I had a similar experience with a certain brand of painters tape. I retained the services of a prominent local attorney and filed suit locally. Rather than send their own attorneys to my admittedly 'far-out' locale, the company decided to settle. I am thrilled with my free roll of painters tape and gift certificate for a gallon of cheap paint. I'm responsible for my attorney's $5000 retainer (non-refundable), but hey, it's all about calling out a bad product that I may or may not have used correctly....


----------



## Brushjockey (Mar 8, 2011)

Marqed97 said:


> I had a similar experience with a certain brand of painters tape. I retained the services of a prominent local attorney and filed suit locally. Rather than send their own attorneys to my admittedly 'far-out' locale, the company decided to settle. I am thrilled with my free roll of painters tape and gift certificate for a gallon of cheap paint. I'm responsible for my attorney's $5000 retainer (non-refundable), but hey, it's all about calling out a bad product that I may or may not have used correctly....

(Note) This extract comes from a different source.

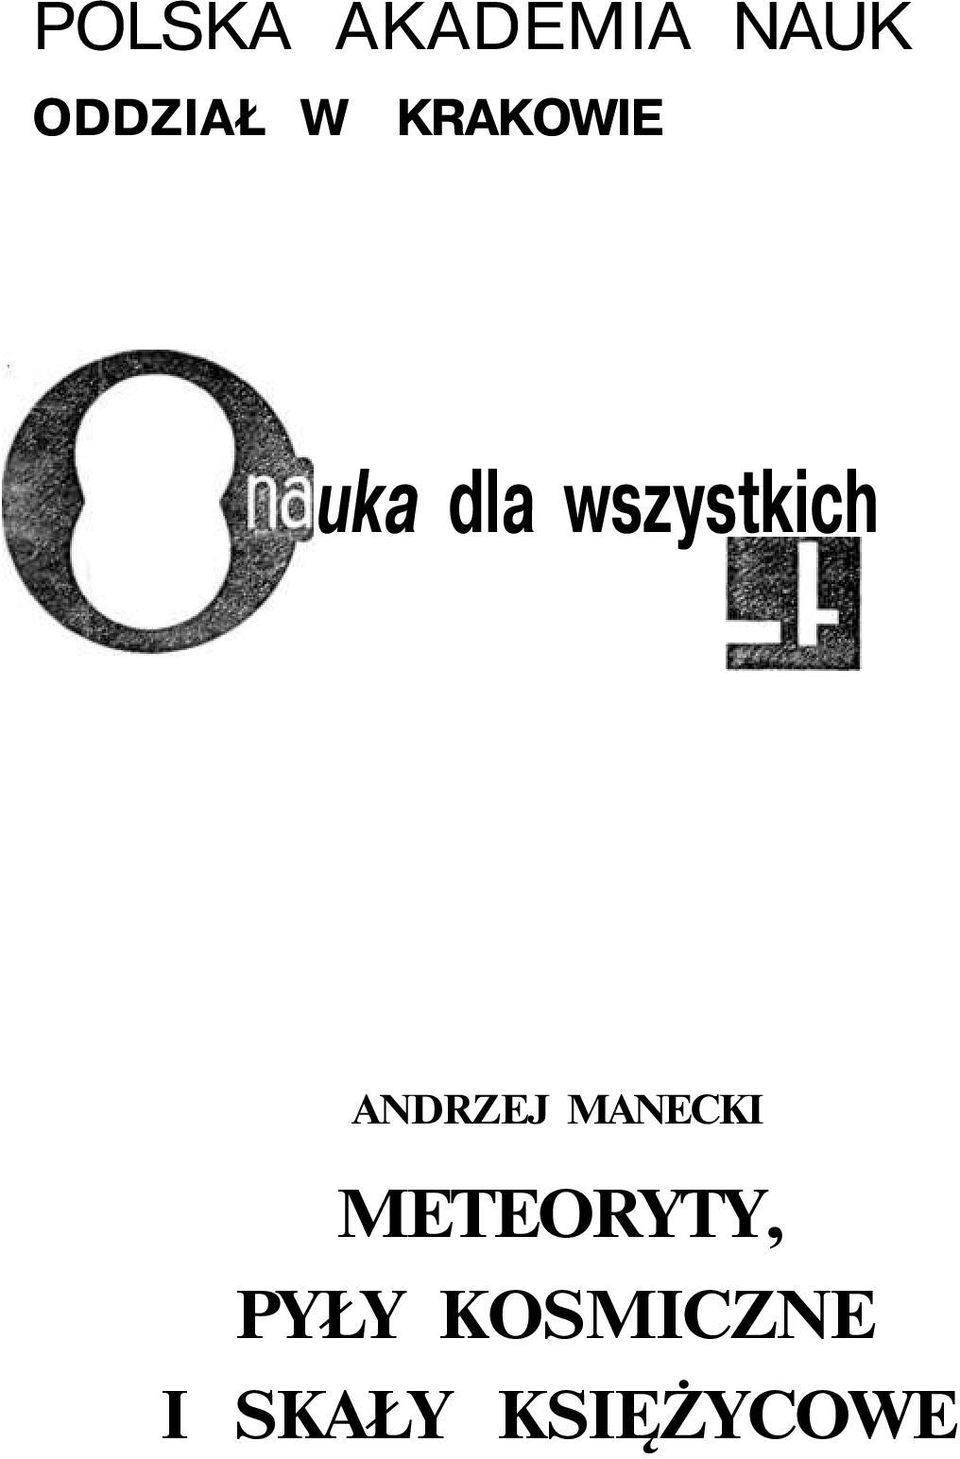 ANDRZEJ MANECKI METEORYTY,

You forgot to use "modeling" in there. Otherwise, perfect!


----------



## Marqed97 (Mar 19, 2011)

Crud! I knew I missed something!


----------



## Workaholic (Apr 1, 2007)

The trick with tape is to dry brush it so it seals the edge to stop bleed through, that and to make sure it is firmly attached. Of course there is always the chance it can pull the paint off of what ever you are putting it on depending if the surface was properly prepped and painted.


----------



## 95025 (Nov 14, 2010)

Okay, now that everyone has had a little fun with this, a serious question...


Have any of you used Frog Tape? Is it okay? Good? Excellent? Worth the money?


I've seen it, and been somewhat interested, but not interested enough to buy it and try it.


----------



## Bud Cline (Mar 12, 2006)

> Have any of you used *Frog* Tape? Is it okay? Good? Excellent? Worth the money?


The OP has used it.


----------



## Faron79 (Jul 16, 2008)

Since our store started selling it in late 2007, it's sold very well here.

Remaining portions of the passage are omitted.